## TASK INPUTS
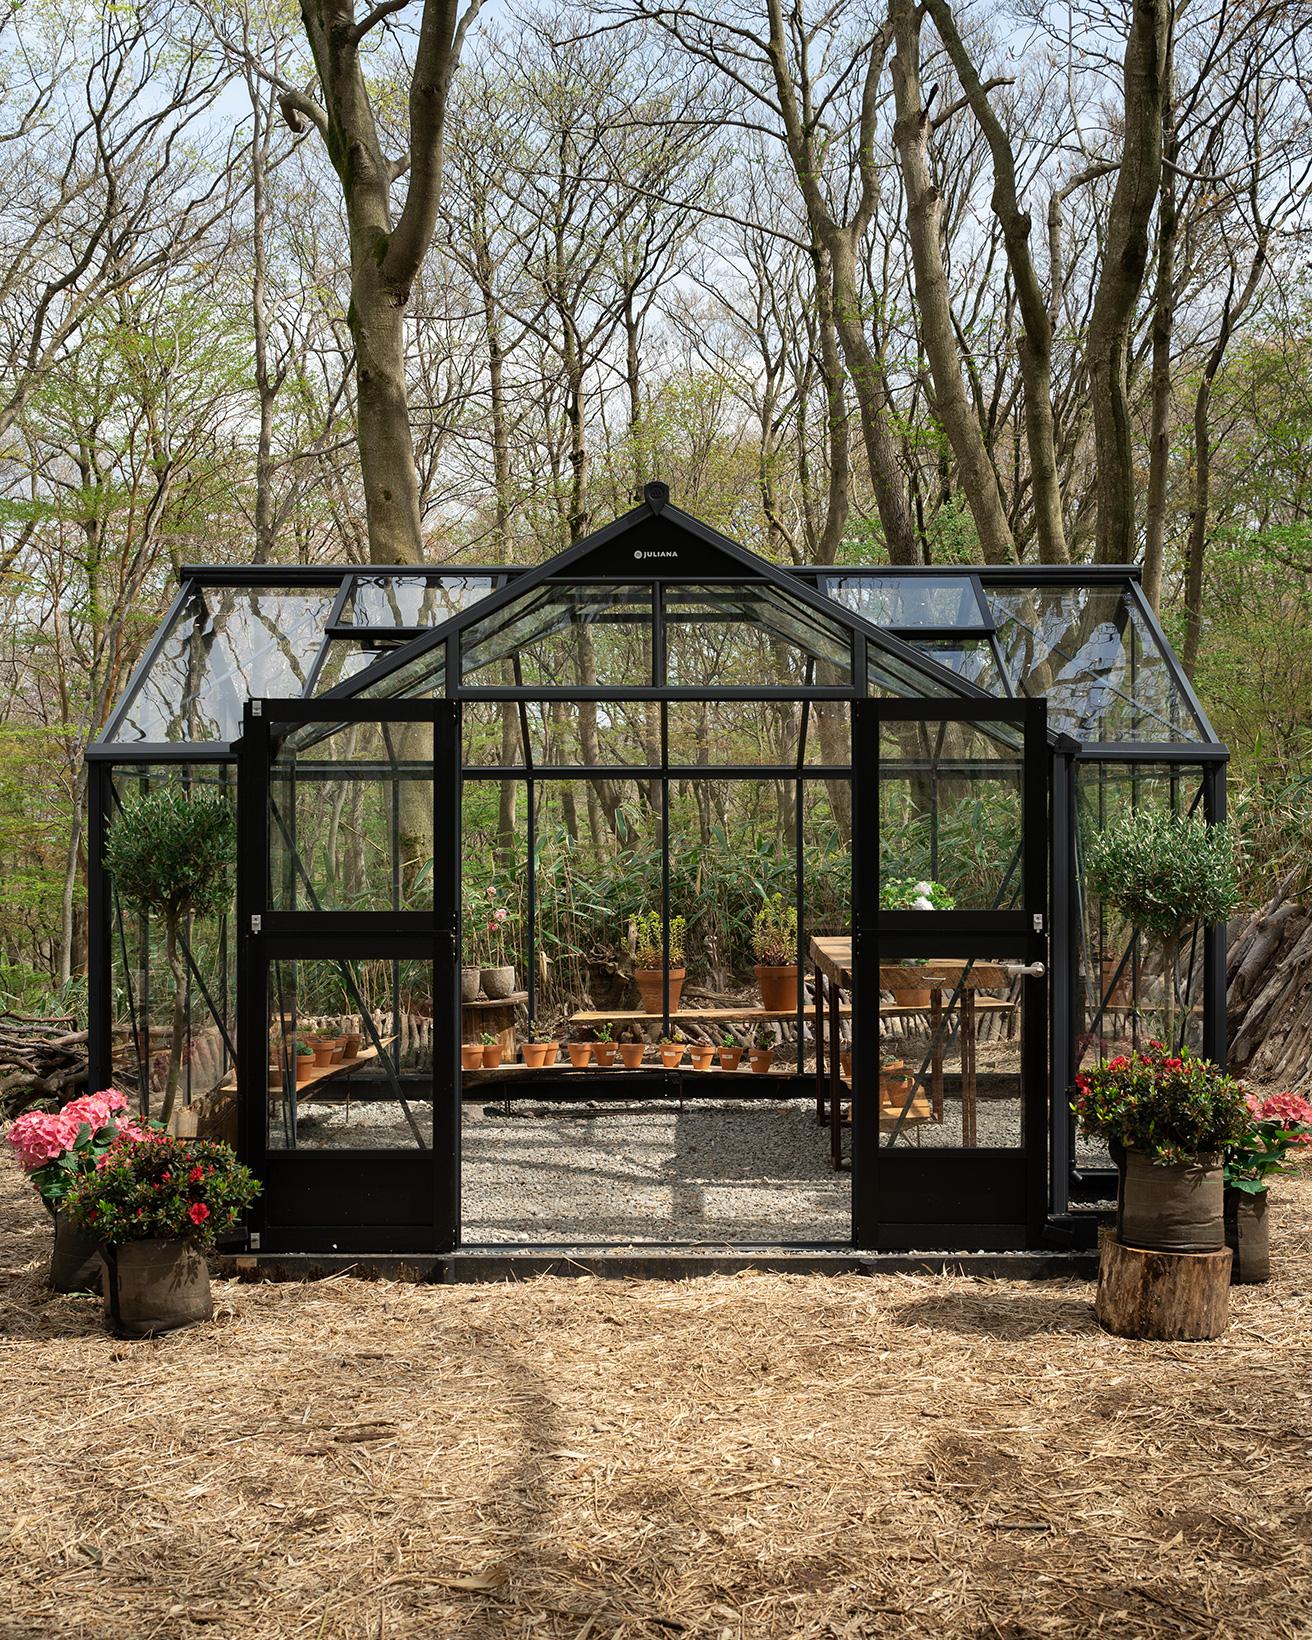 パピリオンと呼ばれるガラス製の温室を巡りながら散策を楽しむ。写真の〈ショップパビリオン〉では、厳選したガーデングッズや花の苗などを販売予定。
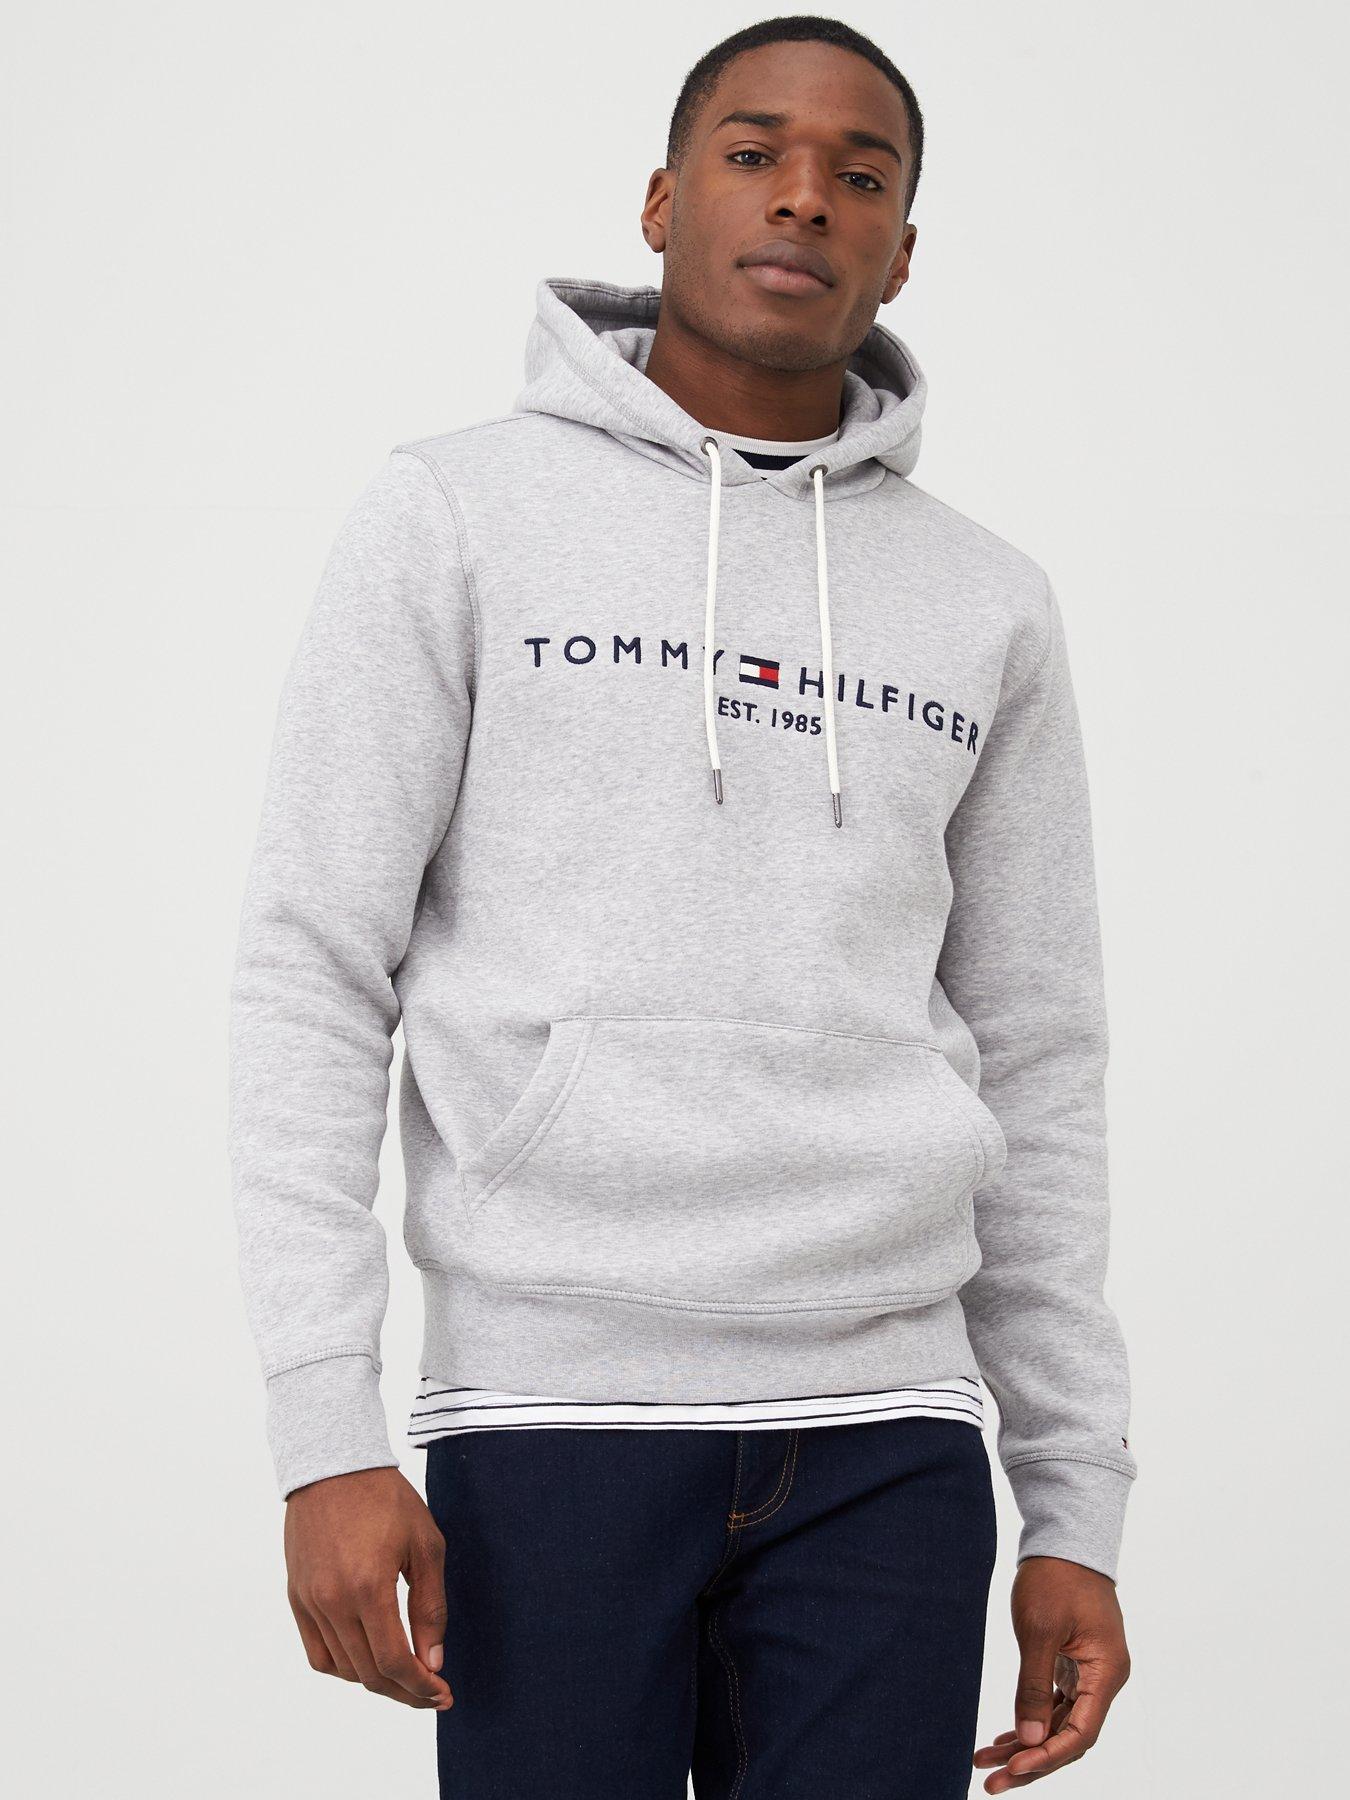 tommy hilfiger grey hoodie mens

...

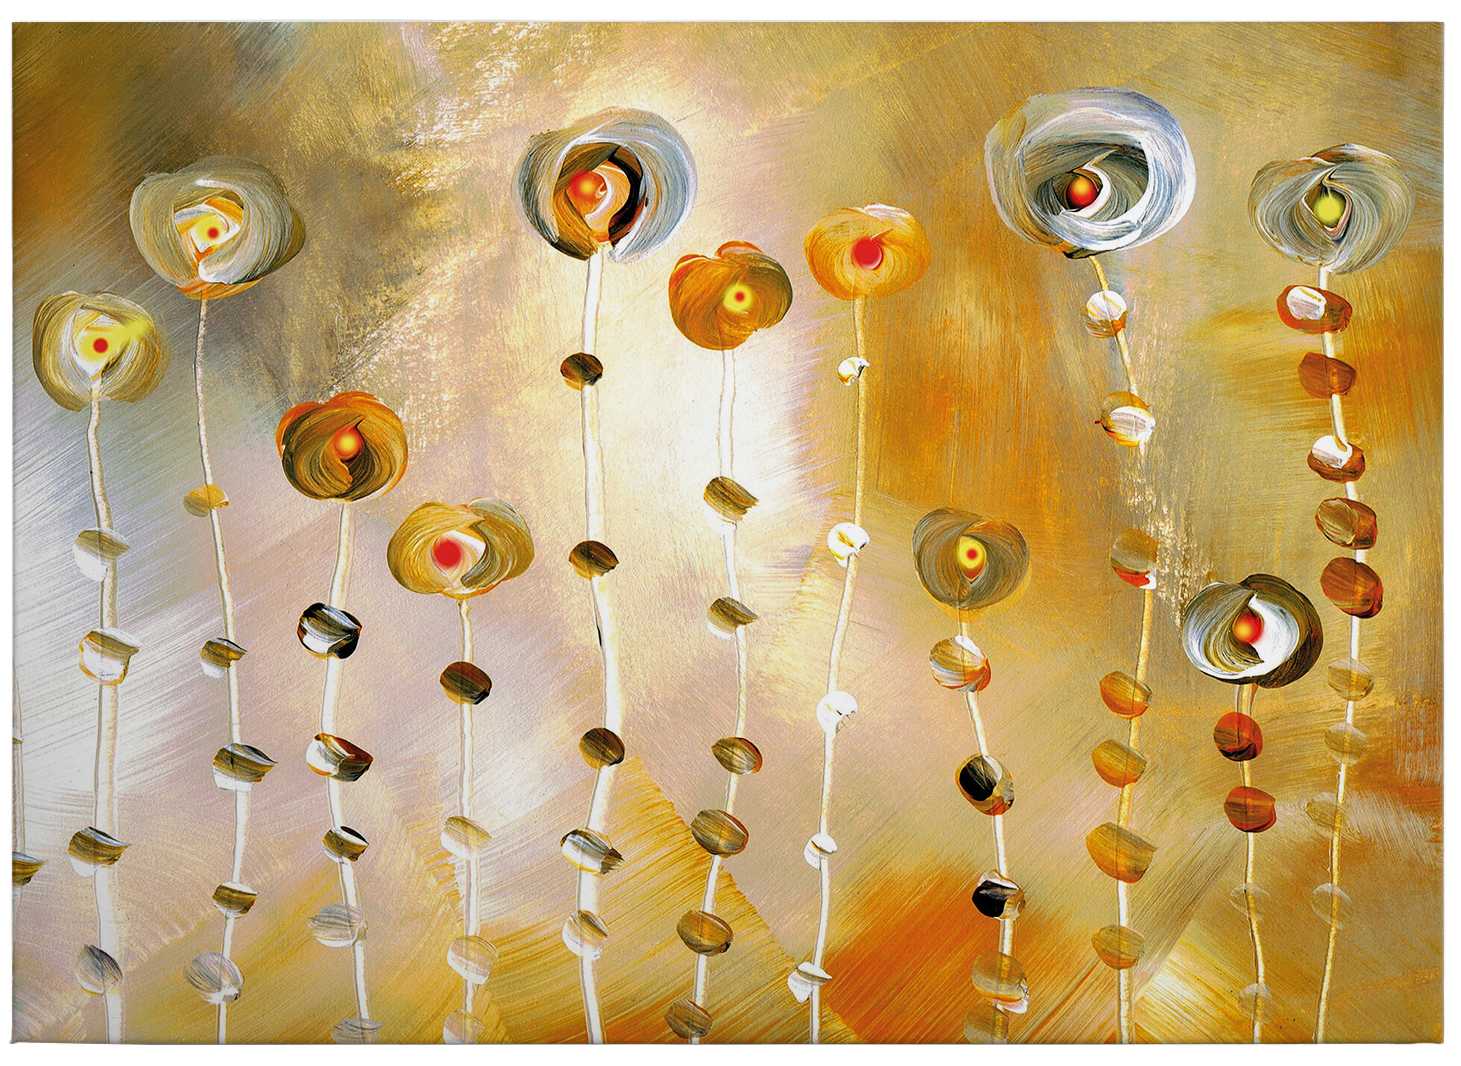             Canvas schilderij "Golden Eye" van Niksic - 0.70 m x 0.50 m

## WHAT THIS TASK INVOLVES
Pictures do not belong in the answer. Return the lines above starting at the one with "パピリオンと呼ばれるガラス製" and ending at the one with "tommy hilfiger grey hoodie mens", both kept, exactly.

## SOLUTION BELOW
 パピリオンと呼ばれるガラス製の温室を巡りながら散策を楽しむ。写真の〈ショップパビリオン〉では、厳選したガーデングッズや花の苗などを販売予定。
 tommy hilfiger grey hoodie mens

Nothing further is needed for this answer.